Input data:
※ ※ ※
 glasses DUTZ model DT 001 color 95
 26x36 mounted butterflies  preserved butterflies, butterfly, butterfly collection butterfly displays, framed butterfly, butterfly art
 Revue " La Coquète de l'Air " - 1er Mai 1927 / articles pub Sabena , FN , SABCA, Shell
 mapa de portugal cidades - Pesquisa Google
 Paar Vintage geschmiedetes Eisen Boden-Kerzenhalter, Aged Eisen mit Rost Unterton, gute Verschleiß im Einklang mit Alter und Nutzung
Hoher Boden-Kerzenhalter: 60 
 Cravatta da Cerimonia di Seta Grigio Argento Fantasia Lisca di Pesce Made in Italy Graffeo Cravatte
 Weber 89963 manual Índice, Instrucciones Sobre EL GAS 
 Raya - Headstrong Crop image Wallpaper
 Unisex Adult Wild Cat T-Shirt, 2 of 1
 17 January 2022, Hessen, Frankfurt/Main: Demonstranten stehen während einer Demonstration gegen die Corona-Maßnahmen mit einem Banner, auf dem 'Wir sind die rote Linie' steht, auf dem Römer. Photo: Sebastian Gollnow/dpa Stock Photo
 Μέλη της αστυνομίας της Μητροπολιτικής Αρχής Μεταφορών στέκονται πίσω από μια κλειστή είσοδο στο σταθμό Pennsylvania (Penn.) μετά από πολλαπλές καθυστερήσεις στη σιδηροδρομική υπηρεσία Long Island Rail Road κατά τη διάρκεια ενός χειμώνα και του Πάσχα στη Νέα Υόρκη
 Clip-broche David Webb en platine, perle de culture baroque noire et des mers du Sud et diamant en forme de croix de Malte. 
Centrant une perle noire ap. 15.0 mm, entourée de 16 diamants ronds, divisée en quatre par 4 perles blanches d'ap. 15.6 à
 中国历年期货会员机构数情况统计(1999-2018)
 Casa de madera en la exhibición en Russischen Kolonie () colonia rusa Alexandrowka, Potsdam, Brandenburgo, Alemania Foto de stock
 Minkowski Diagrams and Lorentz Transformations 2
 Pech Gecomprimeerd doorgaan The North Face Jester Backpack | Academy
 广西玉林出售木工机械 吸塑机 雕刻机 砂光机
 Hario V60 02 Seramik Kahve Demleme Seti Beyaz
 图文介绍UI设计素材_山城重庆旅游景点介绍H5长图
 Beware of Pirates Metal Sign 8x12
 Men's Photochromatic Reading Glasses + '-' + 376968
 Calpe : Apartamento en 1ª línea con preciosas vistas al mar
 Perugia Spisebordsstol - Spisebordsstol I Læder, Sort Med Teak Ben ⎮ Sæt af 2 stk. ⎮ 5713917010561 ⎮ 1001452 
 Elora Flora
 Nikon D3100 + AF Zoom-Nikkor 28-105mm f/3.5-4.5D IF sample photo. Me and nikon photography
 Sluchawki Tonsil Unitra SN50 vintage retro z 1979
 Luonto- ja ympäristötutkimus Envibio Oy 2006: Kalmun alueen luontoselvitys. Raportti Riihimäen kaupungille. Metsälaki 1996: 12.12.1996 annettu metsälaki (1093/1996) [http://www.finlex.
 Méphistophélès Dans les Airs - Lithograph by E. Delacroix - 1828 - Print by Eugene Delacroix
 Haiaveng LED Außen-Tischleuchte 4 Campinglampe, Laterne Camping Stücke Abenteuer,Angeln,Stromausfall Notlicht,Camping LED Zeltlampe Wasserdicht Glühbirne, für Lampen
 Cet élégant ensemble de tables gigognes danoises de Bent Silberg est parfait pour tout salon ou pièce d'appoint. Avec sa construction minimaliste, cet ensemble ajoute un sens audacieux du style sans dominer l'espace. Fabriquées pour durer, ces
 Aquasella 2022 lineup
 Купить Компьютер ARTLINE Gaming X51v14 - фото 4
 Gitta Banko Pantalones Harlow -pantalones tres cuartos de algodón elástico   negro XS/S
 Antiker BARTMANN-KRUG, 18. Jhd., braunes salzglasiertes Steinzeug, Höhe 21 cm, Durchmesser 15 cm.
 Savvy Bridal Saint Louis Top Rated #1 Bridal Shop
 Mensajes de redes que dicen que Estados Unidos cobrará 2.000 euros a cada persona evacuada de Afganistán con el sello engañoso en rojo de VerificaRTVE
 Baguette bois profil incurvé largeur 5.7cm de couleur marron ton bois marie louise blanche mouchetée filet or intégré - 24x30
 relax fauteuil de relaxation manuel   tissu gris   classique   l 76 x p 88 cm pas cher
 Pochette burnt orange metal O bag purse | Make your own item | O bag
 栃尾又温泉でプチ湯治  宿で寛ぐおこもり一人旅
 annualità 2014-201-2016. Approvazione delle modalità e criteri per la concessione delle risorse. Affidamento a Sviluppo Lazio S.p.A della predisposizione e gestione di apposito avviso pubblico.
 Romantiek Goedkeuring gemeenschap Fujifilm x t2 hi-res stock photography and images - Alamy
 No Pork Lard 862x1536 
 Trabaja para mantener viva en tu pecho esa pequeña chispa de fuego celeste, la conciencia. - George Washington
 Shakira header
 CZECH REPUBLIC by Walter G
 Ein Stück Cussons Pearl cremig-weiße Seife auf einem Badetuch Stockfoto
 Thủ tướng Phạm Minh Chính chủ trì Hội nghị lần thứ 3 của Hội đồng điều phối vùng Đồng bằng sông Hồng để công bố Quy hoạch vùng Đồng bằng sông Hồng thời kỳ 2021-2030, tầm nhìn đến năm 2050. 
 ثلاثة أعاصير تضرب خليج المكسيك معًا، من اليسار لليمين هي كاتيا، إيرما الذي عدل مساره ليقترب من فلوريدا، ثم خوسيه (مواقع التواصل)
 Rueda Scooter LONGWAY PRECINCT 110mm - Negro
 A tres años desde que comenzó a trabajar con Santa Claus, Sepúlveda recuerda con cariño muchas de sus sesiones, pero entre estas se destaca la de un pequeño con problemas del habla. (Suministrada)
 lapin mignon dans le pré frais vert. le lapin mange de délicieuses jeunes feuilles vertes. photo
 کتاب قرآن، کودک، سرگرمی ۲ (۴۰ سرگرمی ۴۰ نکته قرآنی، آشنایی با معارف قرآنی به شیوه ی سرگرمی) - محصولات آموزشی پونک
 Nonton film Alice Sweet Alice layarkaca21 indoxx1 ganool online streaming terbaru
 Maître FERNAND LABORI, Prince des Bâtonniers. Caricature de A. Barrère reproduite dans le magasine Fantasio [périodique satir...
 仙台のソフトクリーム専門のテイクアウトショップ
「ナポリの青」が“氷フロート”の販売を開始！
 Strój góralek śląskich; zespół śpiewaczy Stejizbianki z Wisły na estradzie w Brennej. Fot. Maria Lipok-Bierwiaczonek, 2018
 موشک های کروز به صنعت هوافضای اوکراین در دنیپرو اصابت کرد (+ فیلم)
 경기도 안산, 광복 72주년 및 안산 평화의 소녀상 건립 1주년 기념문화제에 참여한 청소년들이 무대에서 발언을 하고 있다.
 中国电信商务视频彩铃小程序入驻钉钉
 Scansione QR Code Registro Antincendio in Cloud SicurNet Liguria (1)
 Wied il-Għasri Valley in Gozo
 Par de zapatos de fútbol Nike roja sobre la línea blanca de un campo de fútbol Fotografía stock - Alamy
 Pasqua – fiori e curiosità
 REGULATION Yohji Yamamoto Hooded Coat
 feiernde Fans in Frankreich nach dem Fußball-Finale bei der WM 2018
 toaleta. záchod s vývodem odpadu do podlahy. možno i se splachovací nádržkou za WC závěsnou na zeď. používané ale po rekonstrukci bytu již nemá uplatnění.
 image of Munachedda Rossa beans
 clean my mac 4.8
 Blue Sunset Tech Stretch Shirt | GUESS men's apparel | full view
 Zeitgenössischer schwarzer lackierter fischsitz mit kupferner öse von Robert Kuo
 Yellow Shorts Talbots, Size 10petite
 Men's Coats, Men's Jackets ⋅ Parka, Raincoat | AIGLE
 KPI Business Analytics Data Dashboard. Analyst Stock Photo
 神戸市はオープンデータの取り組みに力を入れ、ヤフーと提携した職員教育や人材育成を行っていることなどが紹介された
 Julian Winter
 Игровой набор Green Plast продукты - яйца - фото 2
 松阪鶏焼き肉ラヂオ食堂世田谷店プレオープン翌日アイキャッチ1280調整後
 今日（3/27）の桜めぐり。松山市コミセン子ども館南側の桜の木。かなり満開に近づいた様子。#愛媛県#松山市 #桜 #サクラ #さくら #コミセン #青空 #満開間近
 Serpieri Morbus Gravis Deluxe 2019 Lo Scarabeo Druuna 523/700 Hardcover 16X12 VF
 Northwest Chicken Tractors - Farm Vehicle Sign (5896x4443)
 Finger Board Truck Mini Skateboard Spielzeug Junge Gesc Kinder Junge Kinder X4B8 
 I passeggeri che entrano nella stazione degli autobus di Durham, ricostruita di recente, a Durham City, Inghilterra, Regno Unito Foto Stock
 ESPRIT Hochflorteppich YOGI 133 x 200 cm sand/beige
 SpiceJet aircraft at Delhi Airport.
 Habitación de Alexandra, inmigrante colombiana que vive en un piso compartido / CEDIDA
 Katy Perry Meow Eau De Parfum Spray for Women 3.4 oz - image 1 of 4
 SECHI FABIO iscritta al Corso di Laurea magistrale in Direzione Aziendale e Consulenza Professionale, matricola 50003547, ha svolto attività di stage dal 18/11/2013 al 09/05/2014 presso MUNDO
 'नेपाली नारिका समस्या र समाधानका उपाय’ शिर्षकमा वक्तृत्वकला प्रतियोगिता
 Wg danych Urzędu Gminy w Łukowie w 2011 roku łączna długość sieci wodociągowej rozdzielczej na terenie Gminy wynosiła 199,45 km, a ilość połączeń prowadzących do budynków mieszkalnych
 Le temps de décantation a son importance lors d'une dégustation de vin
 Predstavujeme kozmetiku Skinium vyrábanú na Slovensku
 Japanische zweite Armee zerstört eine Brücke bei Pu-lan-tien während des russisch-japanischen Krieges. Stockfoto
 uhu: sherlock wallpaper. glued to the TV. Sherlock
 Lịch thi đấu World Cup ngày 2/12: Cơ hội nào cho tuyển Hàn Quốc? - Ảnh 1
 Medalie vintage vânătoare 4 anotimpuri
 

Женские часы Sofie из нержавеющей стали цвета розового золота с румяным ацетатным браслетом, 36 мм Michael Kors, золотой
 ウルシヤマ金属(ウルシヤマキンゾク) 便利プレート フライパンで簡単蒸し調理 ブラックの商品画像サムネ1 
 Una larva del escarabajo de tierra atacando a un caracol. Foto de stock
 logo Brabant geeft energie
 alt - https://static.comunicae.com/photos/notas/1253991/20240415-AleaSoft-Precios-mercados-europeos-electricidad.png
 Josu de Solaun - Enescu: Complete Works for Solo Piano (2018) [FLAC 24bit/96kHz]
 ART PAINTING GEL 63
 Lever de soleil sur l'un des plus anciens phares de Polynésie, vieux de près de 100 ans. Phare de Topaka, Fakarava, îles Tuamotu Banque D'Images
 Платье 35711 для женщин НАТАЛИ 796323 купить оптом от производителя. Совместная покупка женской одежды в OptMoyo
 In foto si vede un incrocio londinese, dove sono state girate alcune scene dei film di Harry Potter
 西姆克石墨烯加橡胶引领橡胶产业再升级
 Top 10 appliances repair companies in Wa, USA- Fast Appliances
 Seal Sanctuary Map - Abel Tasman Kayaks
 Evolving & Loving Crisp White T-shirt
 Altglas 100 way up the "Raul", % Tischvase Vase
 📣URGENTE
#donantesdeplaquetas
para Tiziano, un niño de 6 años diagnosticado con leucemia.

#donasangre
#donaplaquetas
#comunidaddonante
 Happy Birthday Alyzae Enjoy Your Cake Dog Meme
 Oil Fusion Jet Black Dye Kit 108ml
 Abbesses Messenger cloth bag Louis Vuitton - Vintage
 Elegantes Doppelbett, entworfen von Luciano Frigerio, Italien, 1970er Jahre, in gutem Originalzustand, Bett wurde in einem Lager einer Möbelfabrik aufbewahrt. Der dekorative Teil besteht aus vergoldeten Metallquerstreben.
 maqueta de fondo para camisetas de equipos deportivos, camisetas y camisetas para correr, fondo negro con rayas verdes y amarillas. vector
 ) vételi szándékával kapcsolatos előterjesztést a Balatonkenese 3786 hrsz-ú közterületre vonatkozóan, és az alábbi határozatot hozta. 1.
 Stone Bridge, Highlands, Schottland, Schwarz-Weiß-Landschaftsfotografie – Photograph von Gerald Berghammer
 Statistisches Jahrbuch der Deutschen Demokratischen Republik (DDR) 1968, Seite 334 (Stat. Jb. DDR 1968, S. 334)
※ ※ ※
Your goal: Answer with a single number, the count of lines in the data that contain "Sign".

Solved problem: 2